Il est suivi par Pete Buttigieg, l’ex-maire de la ville de South Bend (100 000 habitants). Ancien militaire, premier candidat ouvertement homosexuel aussi bien placé dans la course à la Maison-Blanche, il plaide pour une politique «réaliste» et de main tendue aux électeurs indépendants et républicains, tout en critiquant le financement du programme de M. Sanders.

Bloomberg omniprésent 

Derrière eux, la pression est forte sur Joe Biden. Fort d’une longue expérience politique, il se présente en meilleur atout pour battre Donald Trump.

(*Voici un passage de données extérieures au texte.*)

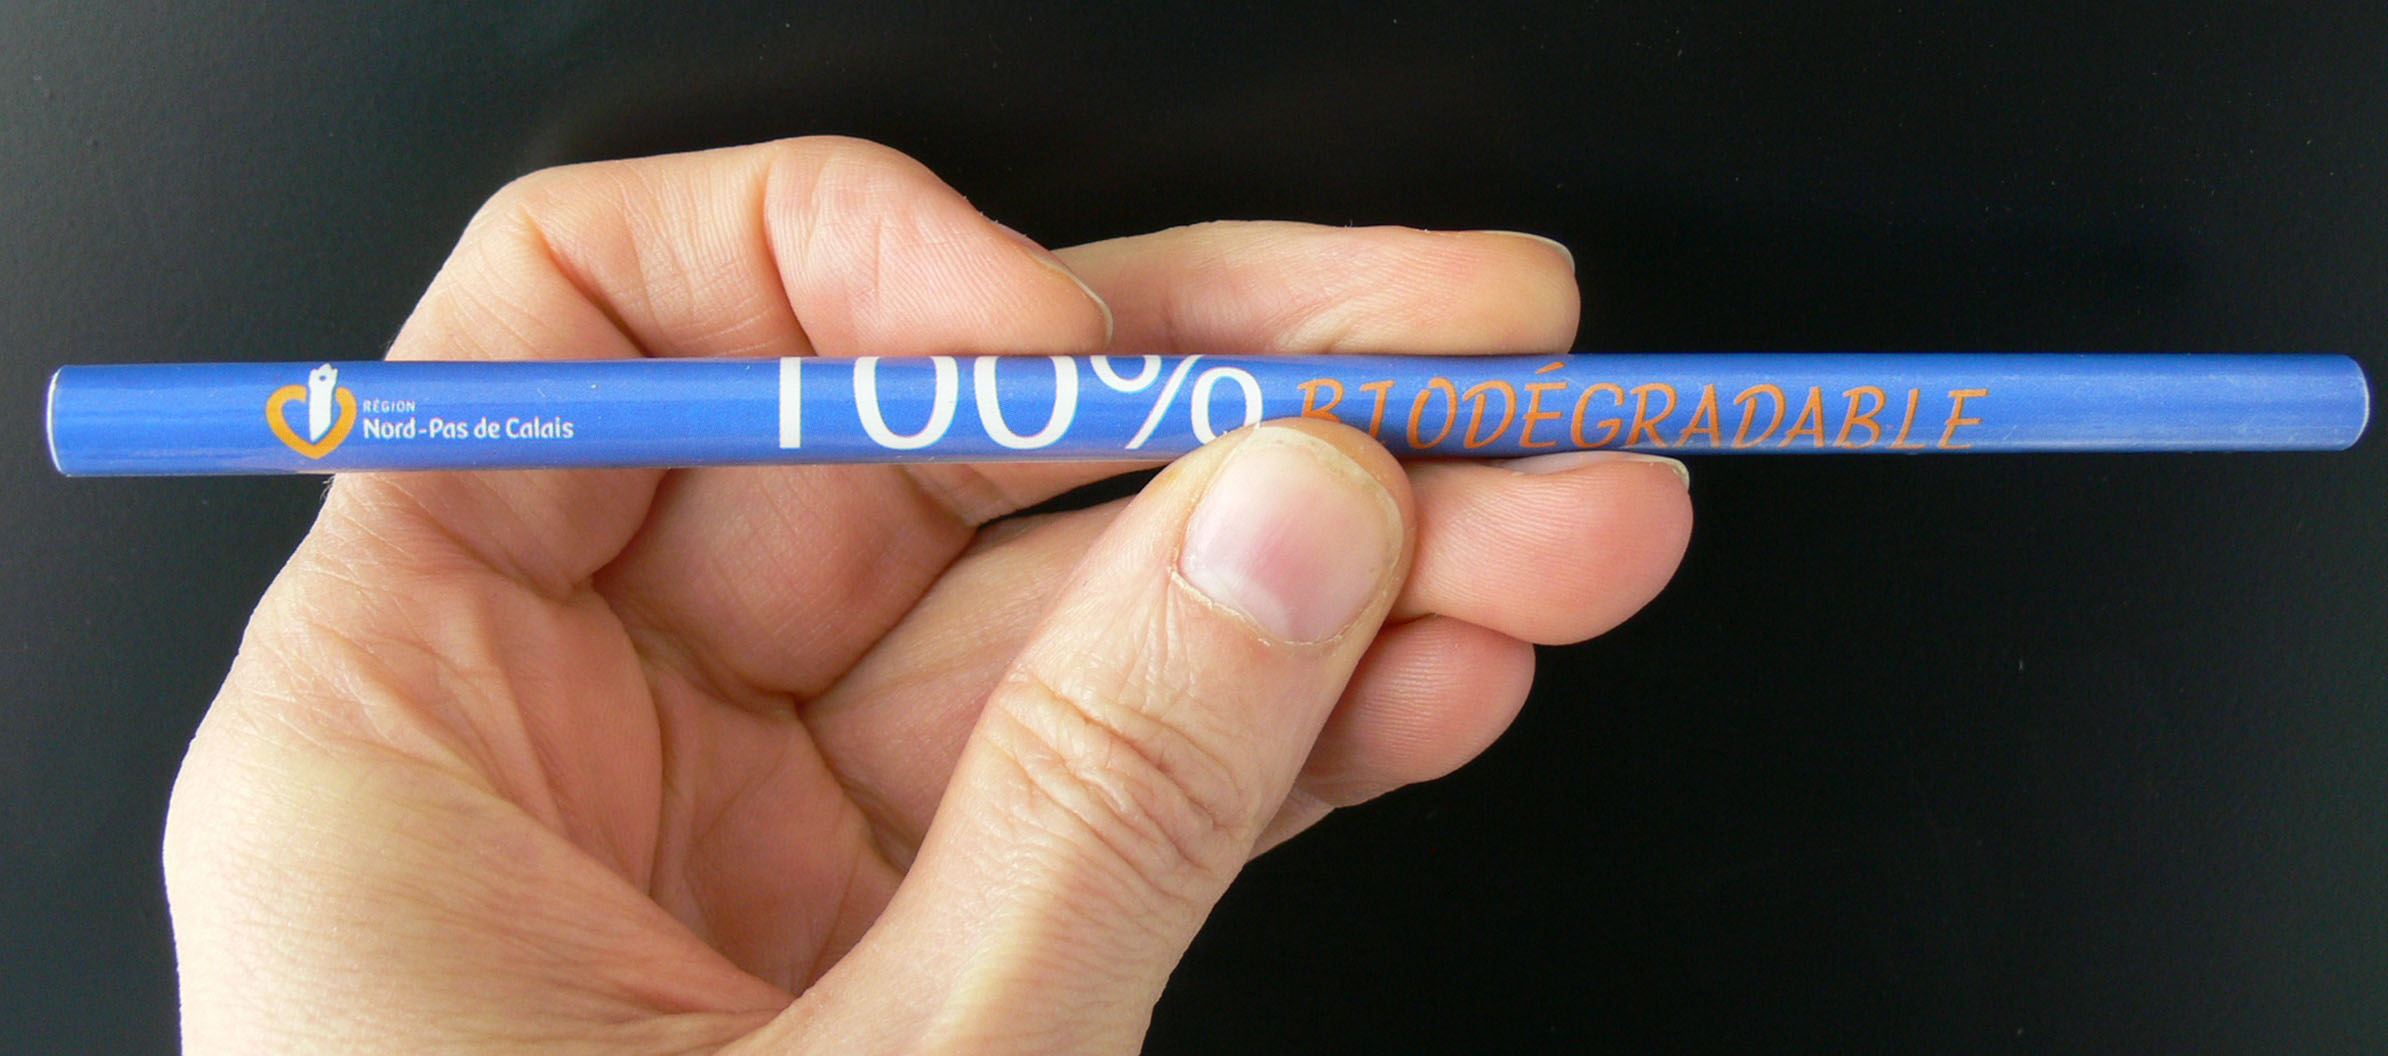 Crayon biodégradable dont le corps est constitué de papier.&nbsp;© Lamiot, Wikimedia, cc by sa 3.0

Son équipe a martelé qu’il n’abandonnerait pas la course «quoi qu’il arrive» mardi. Elle table sur une bonne performance en Caroline du Sud, qui votera le 29 février. Là-bas, la population noire est très importante et reste acquise à l’ancien vice-président.

Luttant pour sa survie, M. Biden attaque son rival au centre Pete Buttigieg, en épinglant son manque d’expérience en politique nationale. Il n’épargne pas non plus Bernie Sanders, affirmant qu’il serait «difficile» de se rallier derrière un candidat «socialiste».

Une bataille qui se joue sous l’oeil ironique de Donald Trump.

Lors d’un échange avec des journalistes dans le Bureau ovale, le président américain s’en est pris avec une virulence particulière à l’ancien maire de New York et milliardaire Michael Bloomberg.

Omniprésent alors même qu’il fait l’impasse sur les quatre premiers votes des primaires, M. Bloomberg a grimpé jusqu’à la troisième place dans un sondage au niveau national publié lundi.

«C’est un poids léger», a taclé Donald Trump. «C’est l’un des plus mauvais débatteurs qui soit, il n’a aucune présence», a-t-il lancé. «Honnêtement, je préférerais être face à Bloomberg que Sanders, parce que Sanders a de vrais partisans, que cela vous plaise ou non (...) Bloomberg lui achète sa place dans la course».

Disposant de moyens financiers quasi-illimités, Michael Bloomberg inonde de publicités la quinzaine d’États qui voteront lorsqu’il entrera en lice le 3 mars pour le «Super Tuesday».